NEWS AUS DEM HANDEL 3:18min, 06. April 2018, 10:36 Uhr
- Von Holger Scholze, Börse Stuttgart TV News Redaktion - 06.04.2018 -
China hat scharf auf die überraschenden neuen Drohungen von US-Präsident Donald Trump mit weiteren Strafzöllen auf Importe in Höhe von 100 Milliarden Dollar reagiert. Das Handelsministerium in Peking teilte am Freitag mit, man werde "umfassende Gegenmaßnahmen" ergreifen und "um jeden Preis" gegen den einseitigen Protektionismus der USA ankämpfen. "Wir wollen keinen Handelskrieg, aber wir fürchten einen solchen Krieg auch nicht."
Nachdem sich die beiden größten Volkswirtschaften schon gegenseitig mit Importzöllen von 50 Milliarden USDollar überzogen hatten, ordnete Trump am Donnerstagabend (Ortszeit) in Washington an, weitere Sonderabgaben auf Einfuhren aus der Volksrepublik in Höhe von 100 Milliarden US-Dollar zu prüfen. Er begründete dies mit "unfairen Vergeltungsmaßnahmen Chinas".
Der US-Handelsbeauftragte Robert Lighthizer solle untersuchen, ob zusätzliche Zölle angemessen seien, hieß es in einer Erklärung. Falls dies zutreffe, solle er diejenigen Produkte identifizieren, die mit den Abgaben belegt werden können.

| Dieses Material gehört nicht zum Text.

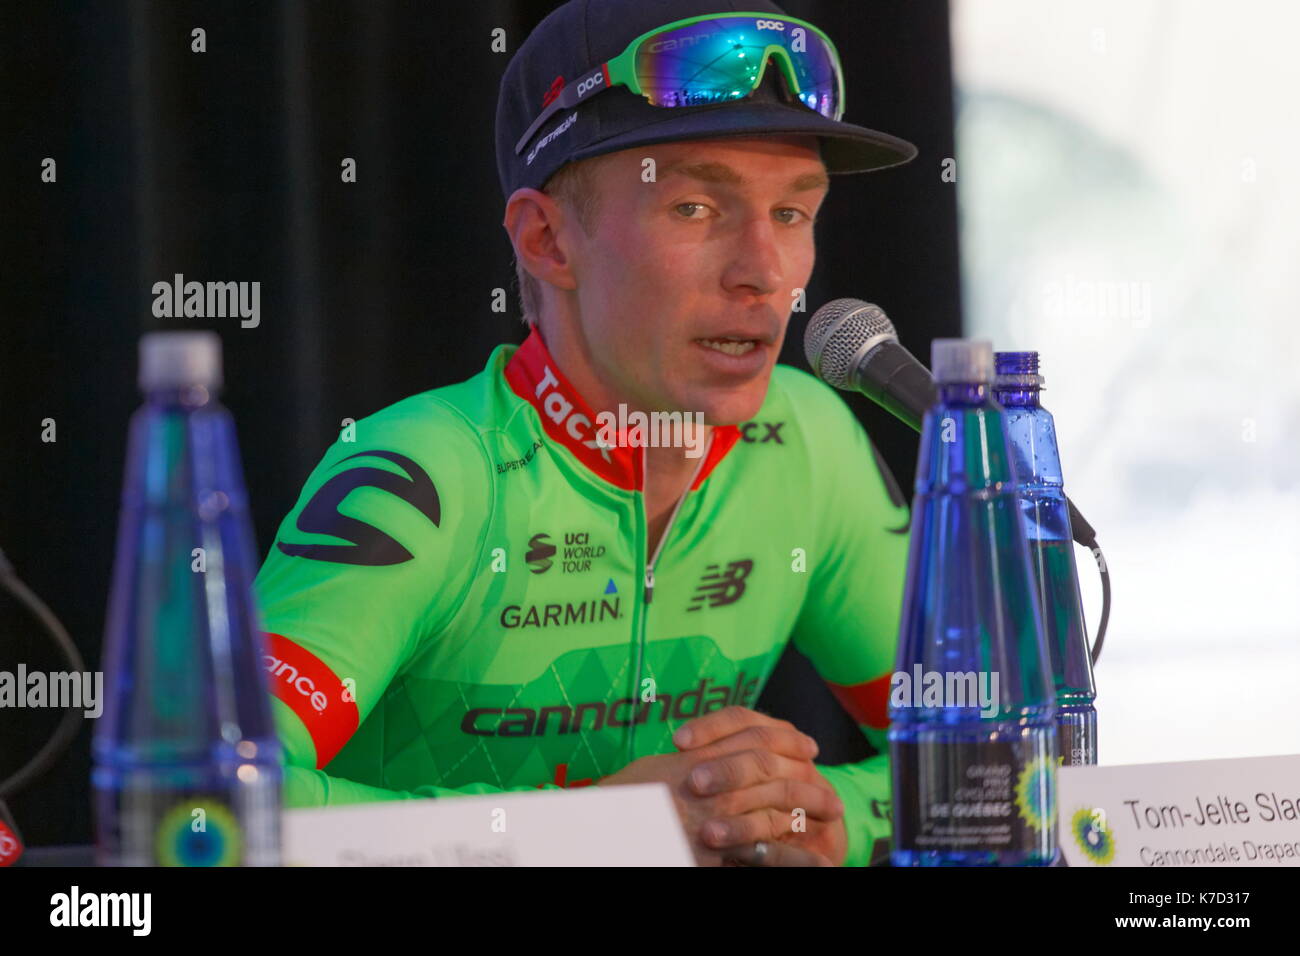 Montreal, Canada. 10/09/2017. Tom-Jelte Slagter of Cannondale Drapac Pro Cycling Team USA, l at the post race news conference following the Grand Prix Stock Photo
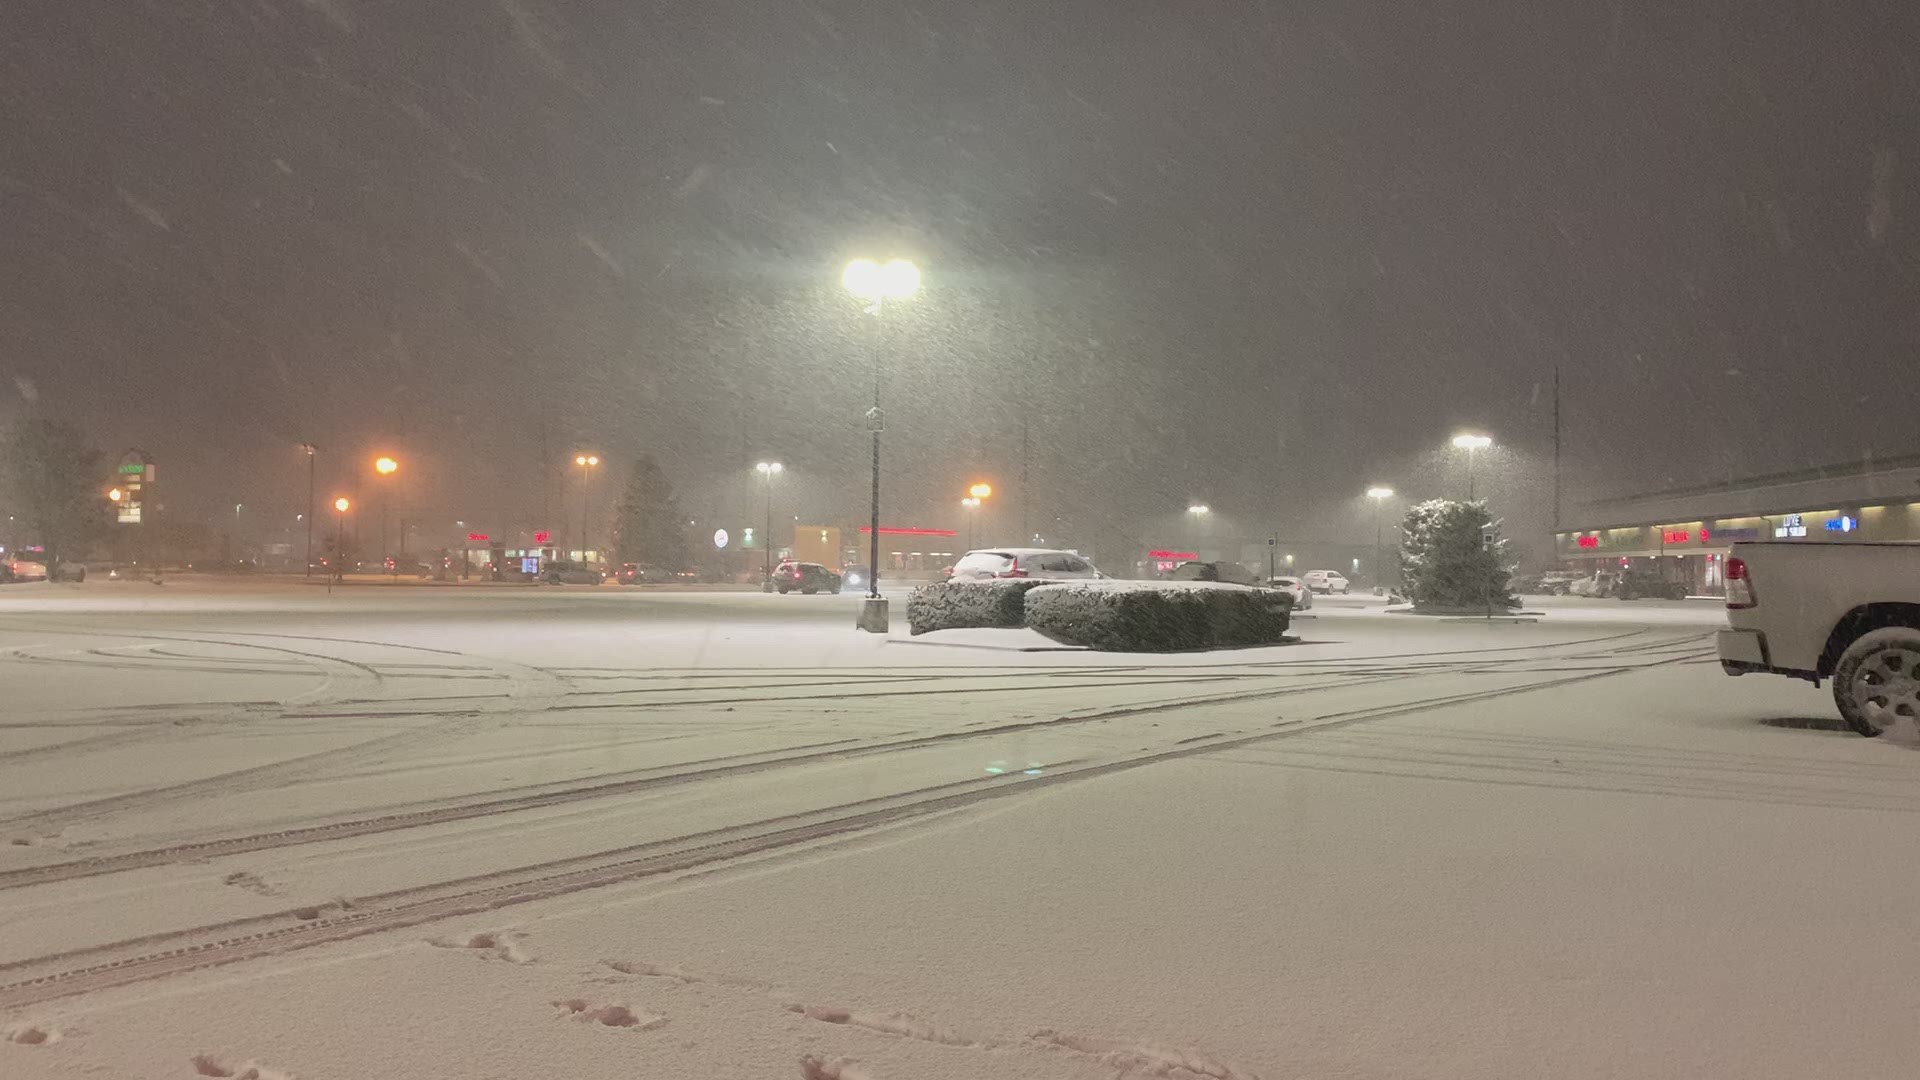 13News' Karen Campbell sent in a video showing what the snowfall looks like in Avon.

Lighthizer erklärte, solche Maßnahmen würden einer Bewertungsfrist von 60 Tagen unterzogen und nicht in Kraft treten, bis dieser Prozess abgeschlossen sei.
Der Streit zwischen den Wirtschaftsriesen war am Mittwoch über amerikanische Vorwürfe des Technologiediebstahls durch China offen ausgebrochen. Nachdem die USA 25-prozentige Strafzölle auf Importe aus China in Höhe von 50 Milliarden Dollar angekündigt hatten, konterte China umgehend mit eigenen Strafabgaben in gleicher Höhe auf Importe aus den USA.
Der Handelskonflikt weckt Sorgen über negative Folgen für die gesamte Weltwirtschaft. Doch reagierten die asiatischen Börsen heute zunächst wenig beeindruckt auf die neue Zuspitzung. Der NIKKEI-Index in Tokio lag leicht im Plus, der Hang-Seng-Index in Hongkong stieg sogar deutlich. Nur die Börse in Seoul drehte ins Minus.
Trump begründete seinen Schritt damit, dass China sich dazu entschlossen habe, US-amerikanischen Landwirten und Herstellern Schaden zuzufügen. Deshalb habe er Lighthizer angewiesen, zusätzliche Strafzölle zu prüfen.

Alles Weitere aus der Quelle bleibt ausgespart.